HAT-P-67b

Discovery
- Discovered by: Zhou et al. (2017)
- Discovery site: HATNet
- Discovery date: April 2017
- Detection method: Transit

Orbital characteristics
- Semi-major axis: 0.0615±0.0022 AU
- Eccentricity: 0
- Orbital period (sidereal): 4.81010827^{+(59)} _{−(58)} days
- Inclination: 85.01+0.35 −0.32
- Semi-amplitude: 43±8 m/s
- Star: HAT-P-67

Physical characteristics
- Mean radius: 2.140±0.025 R_{J}
- Mass: 0.45±0.15 M_{J}
- Mean density: 0.061+0.020 −0.031 g/cm^{3}
- Temperature: 1,987±22 K

= HAT-P-67b =

Gas giant exoplanet orbiting HAT-P-67

HAT-P-67b is an exoplanet orbiting around the star HAT-P-67. A gas giant on a close orbit, it is a hot Jupiter with one of the largest sizes and lowest densities of any known exoplanet.

==Characteristics==
With a radius of over double that of Jupiter's HAT-P-67 b is one of the largest exoplanets known to date. It also one of the least dense at approximately 0.061±0.020 grams per cubic centimeter, a density lower than that of marshmallows. It has a very close separation from its host star, taking four days and 19 hours to complete an orbit. Its host star is expanding in size as it is becoming a red giant, and in 150 to 500 million years it is expected that HAT-P-67b will be engulfed due to this expansion.

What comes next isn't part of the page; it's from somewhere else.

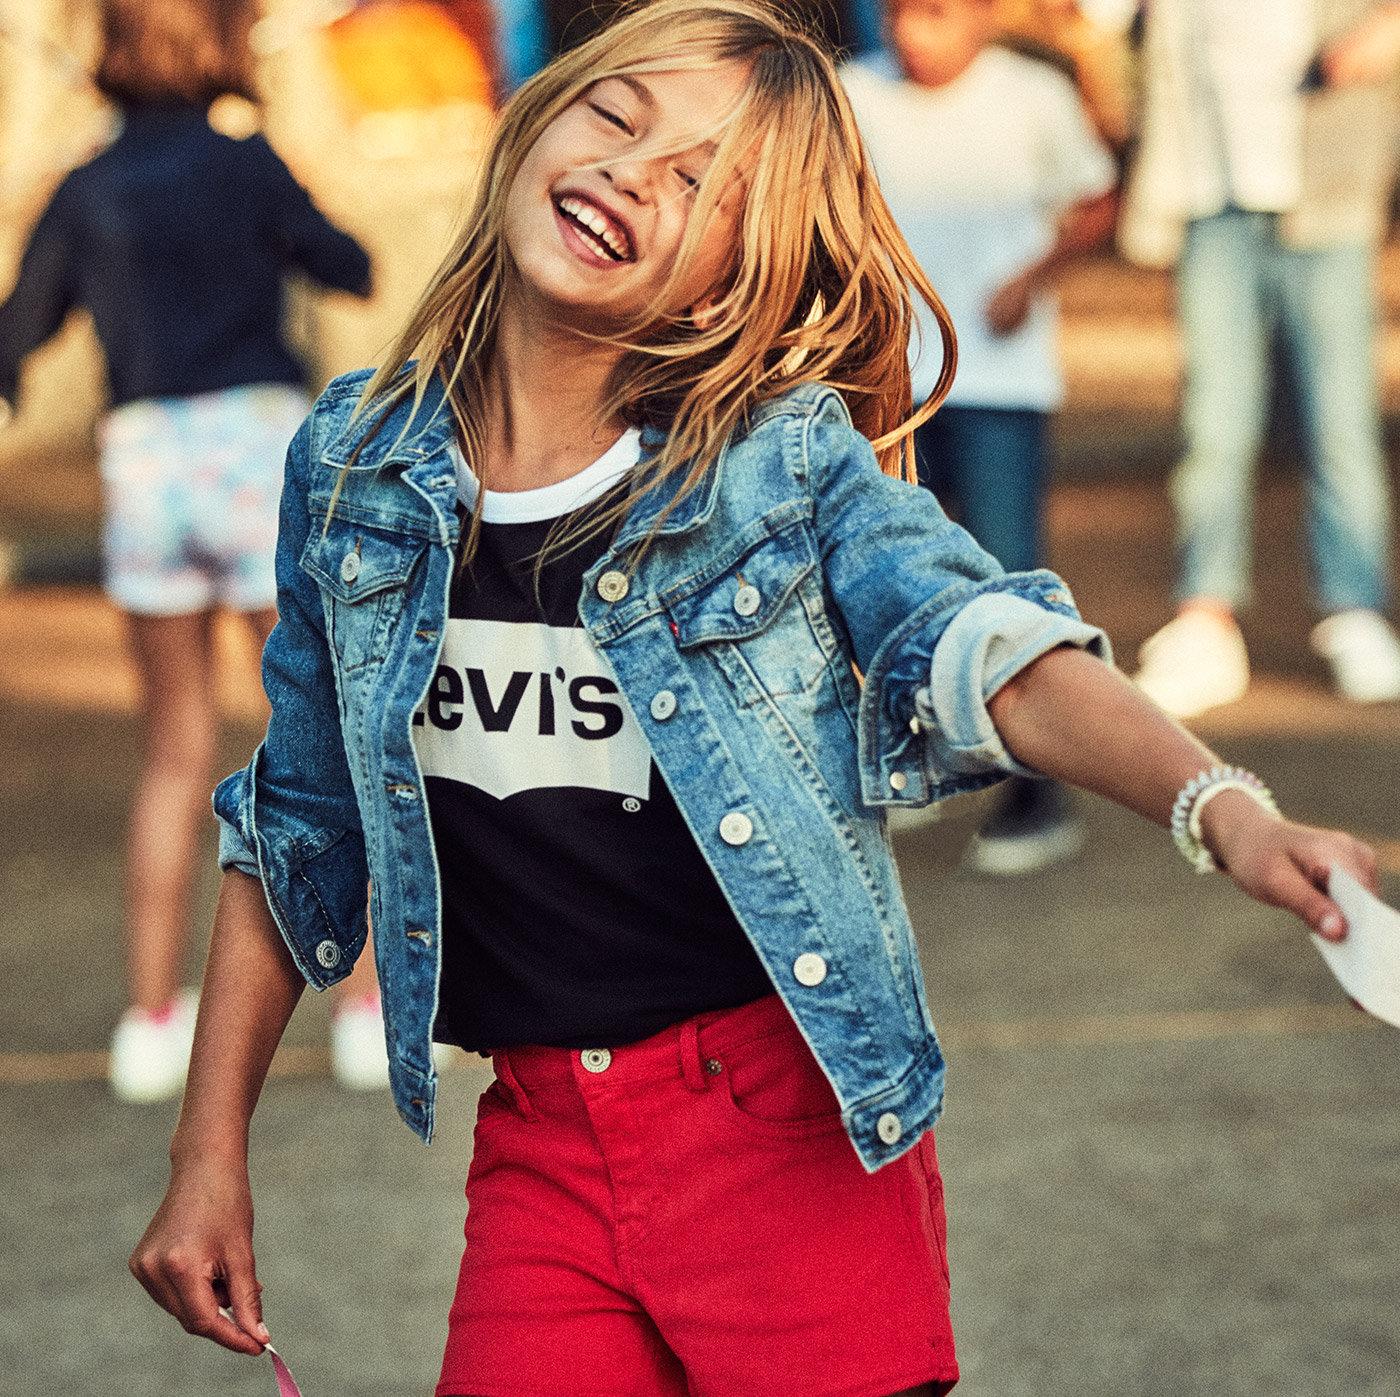 Girl wearing levis Jeans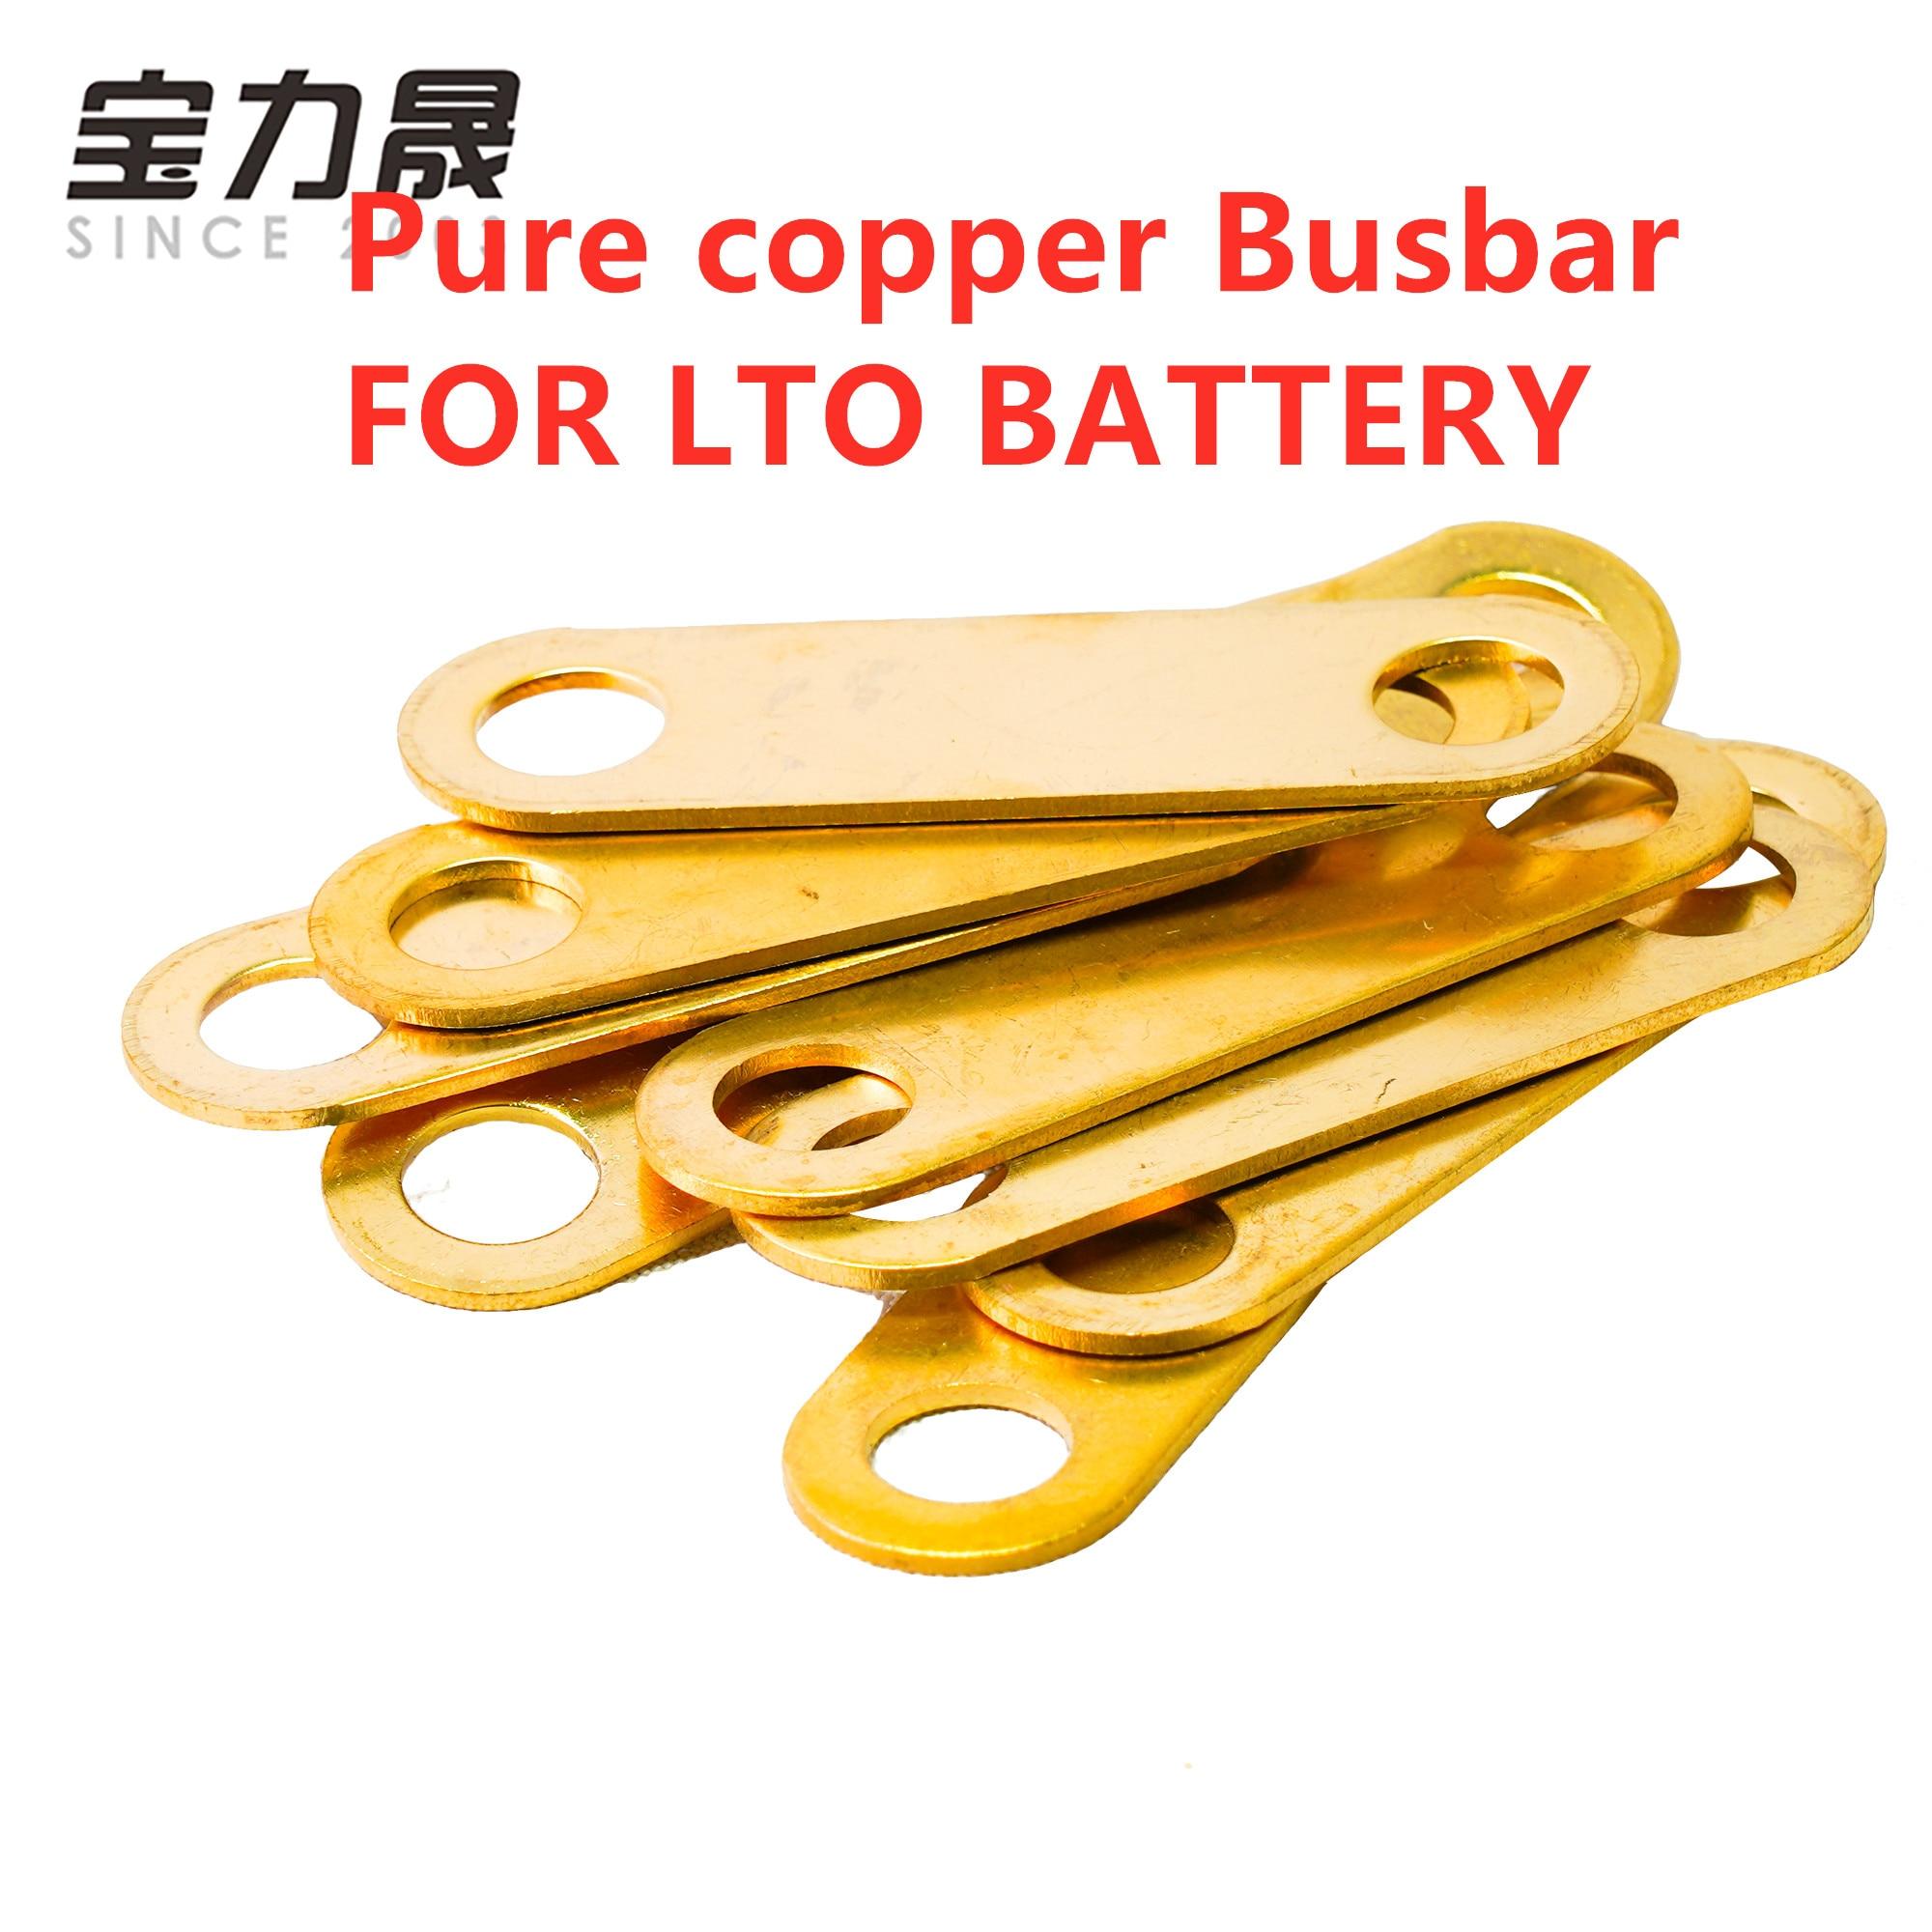 BusBars For LTO Battery Yinlong 66160 2.3V 2.4V 30AH 35AH 40AH 45AH Lithium Titanate LTO Cell Pure Copper  Nickel Plating

An analysis of a radial velocity time series obtained at the Galileo National Telescope detected the Rossiter–McLaughlin effect and determined the projected spin-orbit angle to be 2.2 ± 0.4°. The calculated value suggests an aligned planetary orbit, indicating that the planet likely migrated to its present orbit through tidal interactions with a protoplanetary gas disk.

==Discovery==
Transits of HAT-P-67b were discovered by the Hungarian Automated Telescope Network (HATNet), using small, wide field telescopes, located at the Fred Lawrence Whipple Observatory in Arizona and at the Mauna Kea Observatory in Hawaii. Observations were made in 2005 and 2008, analysis of the obtained data revealed the periodic transits of HAT-P-67b. Follow-up photometry of the transits were obtained using the 1.2 m telescope at the Fred Lawrence Whipple Observatory. A full transit was observed on 2012 May 28, and five partial transits were observed in 2011, 2012 and 2013.

The high rotational velocity of the star made initial attempts to confirm the planet using radial velocity measurements difficult, with data from 2009 showing that the transiting object was less massive than a brown dwarf. Using measurements taken from 2009 to 2012 the Keck telescope was able to determine that the mass of the planet was less than 0.59 that of Jupiter. In 2016 Doppler tomography was used to confirm the planet.

==Atmosphere==
Gas giants with masses less than Jupiter's, and temperatures greater than 1,800 K, like HAT-P-67 b, which has an equilibrium temperature of approximately 1,900 K, are so inflated and puffed out that they are all on unstable evolutionary paths which eventually lead to roche lobe overflow and the evaporation and loss of the planet's atmosphere.

A team of astronomers led by Aaron Bello-Arufe used the CARMENES spectrograph at the Calar Alto Observatory to study the atmosphere of HAT-P-67b. Based on this data, the planet's atmosphere seems to be highly ionized and may be escaping at a rate of 10 million tons per second. The team detected sodium and ionized calcium in the atmosphere of HAT-P-67b. Ionized calcium is typically found in hotter planets; however, it was detected quite prominently in the spectrum of HAT-P-67b.

The data also revealed absorption in the hydrogen and helium lines, typically a sign that part of the atmosphere is escaping into space. In the case of HAT-P-67b, these signals were detected before and after the planet's transit, suggesting the possibility of a vast cloud of gas escaping far beyond the planet. A different team led by Michael Gully-Santiago performed a multiyear spectroscopic survey of HAT-P-67 b, using the Habitable Zone Planet Finder on the Hobby–Eberly Telescope. They observed a prominent leading tail and a significantly fainter trailing tail, which they interpreted as direct evidence of preferential mass loss on the dayside. A third team using an average of many spectra acquired after transits found a clear absorption signal. They estimated an effective planetary radius 6 times that of Jupiter, indicating that the planet's atmosphere is evaporating.

==Host star==

HAT-P-67 is a subgiant star located in the constellation Hercules. It is located 1,200 light-years from Earth. The star is 1.73 times more massive than the Sun, 2.65 times larger and 12 times more luminous. Its effective temperature is hotter than the Sun's, at 6640 K. It makes a binary star with the red dwarf HAT-P-67 B.